I finally found a bubble-maker that I like. It’s a wand about 15” long that puts out lots of long-lasting bubbles. I brought it with me to dinner at my mother’s assisted-living facility last week. Little did I know the drama that awaited me.

Last month, my mother and I~, the other resident who sits at her table, were moved to another one where spaces had recently opened up. (An all-too-regular occurrence, unfortunately, with this population.) The change delighted me because it brought together three of my favorite people in the building. I’ve written about I~ in an earlier post, but haven’t mentioned S~ til now.

I’ve taken S~ on as a special project because she’s always alone. I’m told she rarely, if ever, has visitors, and few other residents seem to like her, much less talk to her. In appearance, she looks like an elderly Greek or Italian peasant who just stepped off the boat — in 1910. Tiny and toothless, she shuffles along when she walks, head pointed down and wrapped in a kerchief — as if she carries the weight of the world on shoulders far too slight to carry such a burden. I think of her as the quintessential sad sack come to life. My mother once pretended to have left something behind in a room just to avoid walking down the hallway with her.

So, I make a special effort to reach out to her — not always easy because I don’t want to shortchange my mother. S~ may lack all her teeth but unlike Lillian (my mother), she is able to carry on a simple conversation. She’s much more curious about me though than wanting to talk about herself: “Where do you live? What do you do there? Is that your mother? Will I see you tomorrow?” are questions she asks every week. Our conversations usually end with her saying, as tears well up in her eyes, “Thank you so much for talking to me. You’re such a good person. God bless you.”

I~ and my mother, on the other hand, were not at all happy with the new seating arrangement which put them in close proximity to S~. A week later, the dining room manager moved my mother to an adjacent table with two men. That left I~ with S~ and another woman who is generally mute.
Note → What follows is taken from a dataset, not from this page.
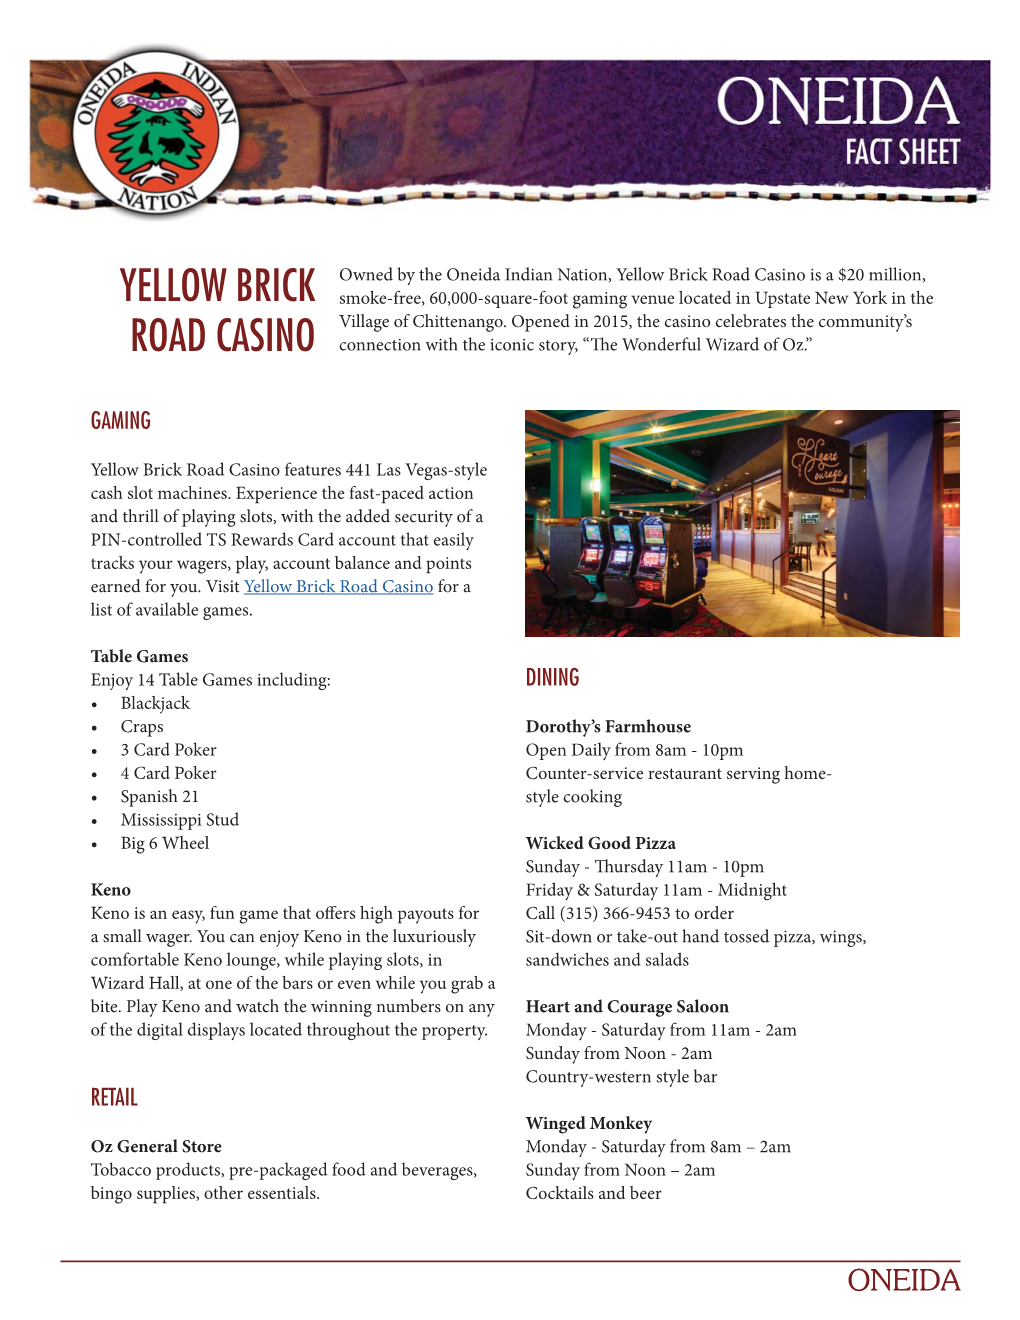 Yellow Brick Road Casino Fact Sheet for Web 2017.Indd

By the time my mother was having her dessert, her male companions had left. I took out the bubble wand and invited S~ to join us as part of my outreach effort. I was also hoping that the more my mother saw me interacting with S~, the more her antipathy would dissipate.
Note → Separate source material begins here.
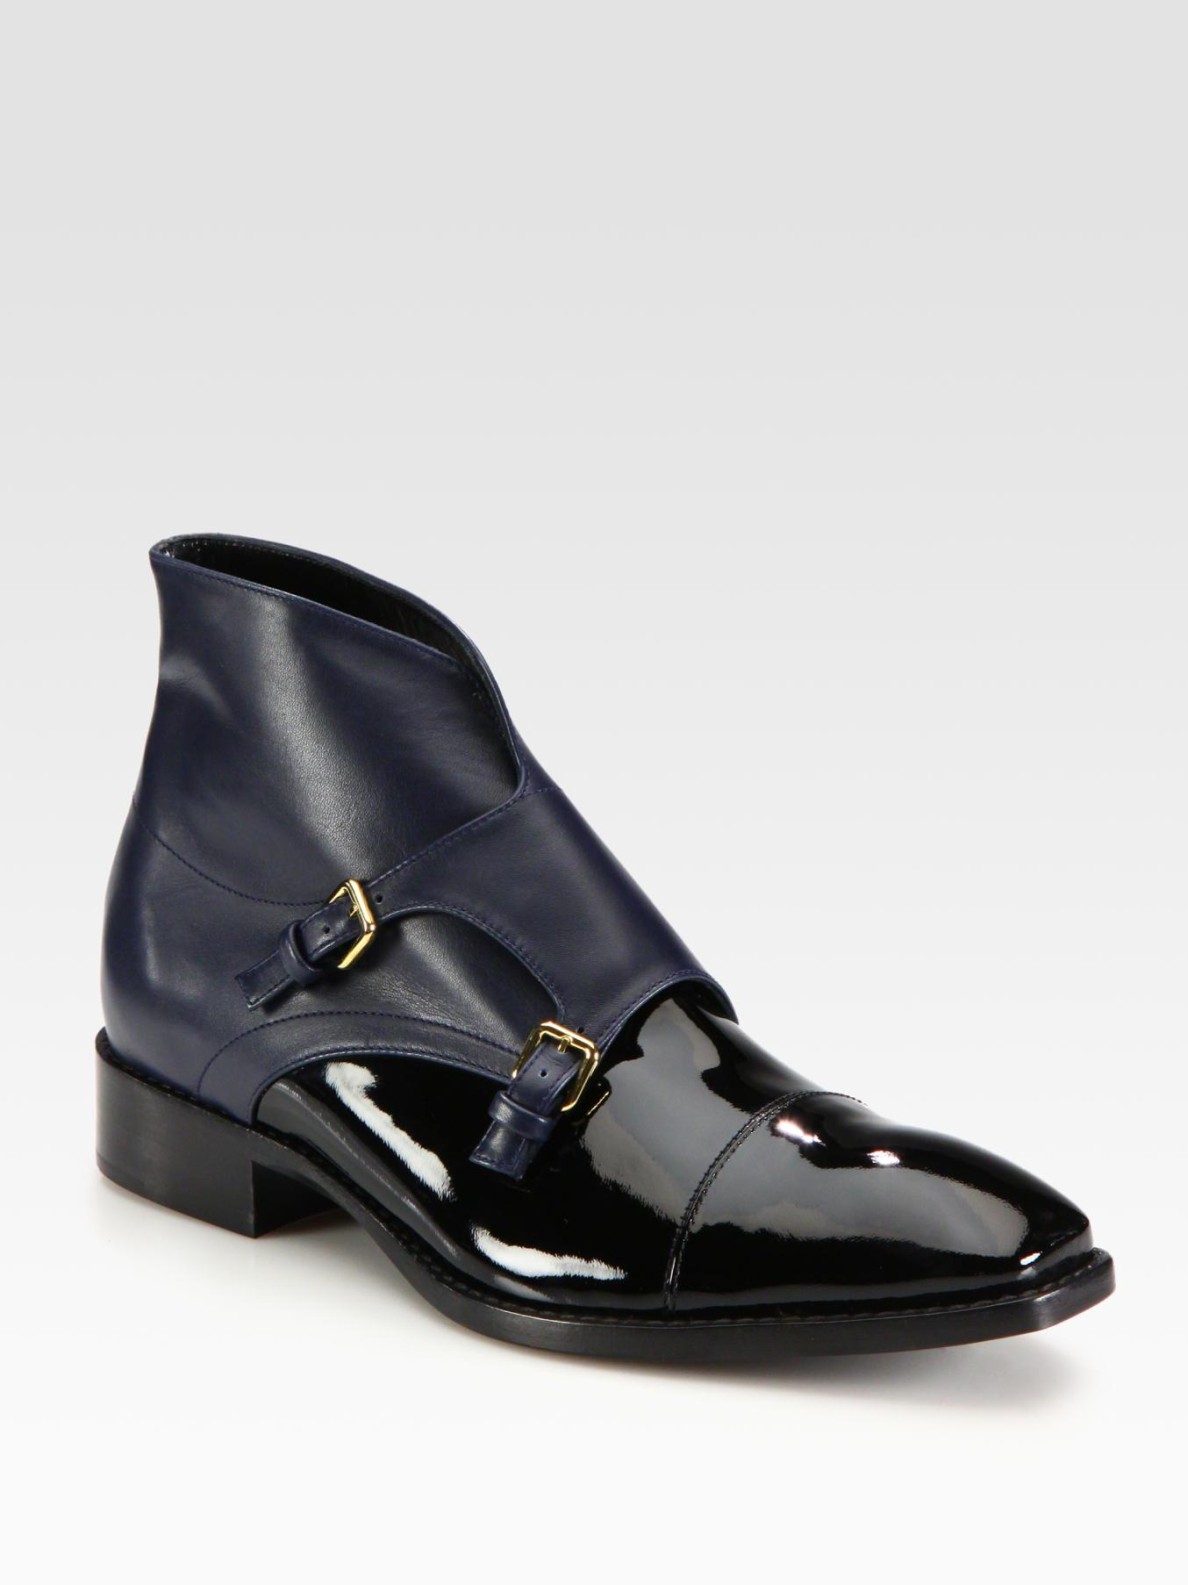 Jil sander Bicolor Patent Leather and Leather Ankle Boots in Black | Lyst

Both women watched as the bubbles wafted into the air, some of them floating for extended periods. I showed each of them how to blow bubbles themselves, and played a game that had S~ catching bubbles in a drinking glass. When she asked (once again) how I get home, I joked about hitching a ride on one of the bubbles.

The table was right near an elevator that took residents back to their apartments. As they entered the car with their walkers and wheel chairs, I’d send them off with bubbles as fellow passengers.

At the time, I was totally absorbed in the playfulness of the bubbles, and the buoyancy they give to aging spirits. Only later did I come to feel the poignancy of these beautiful rainbow-colored spheres as metaphor.

There was one sour note in the midst of all this: I~ was now sitting alone at her table. When asked to join us, she refused, believing that my mother had moved to another table because of her, not S~. Despite my efforts, I couldn’t convince her otherwise. I hope things get straightened out this week because the two of them had such a nice relationship going. I also like having my girls together.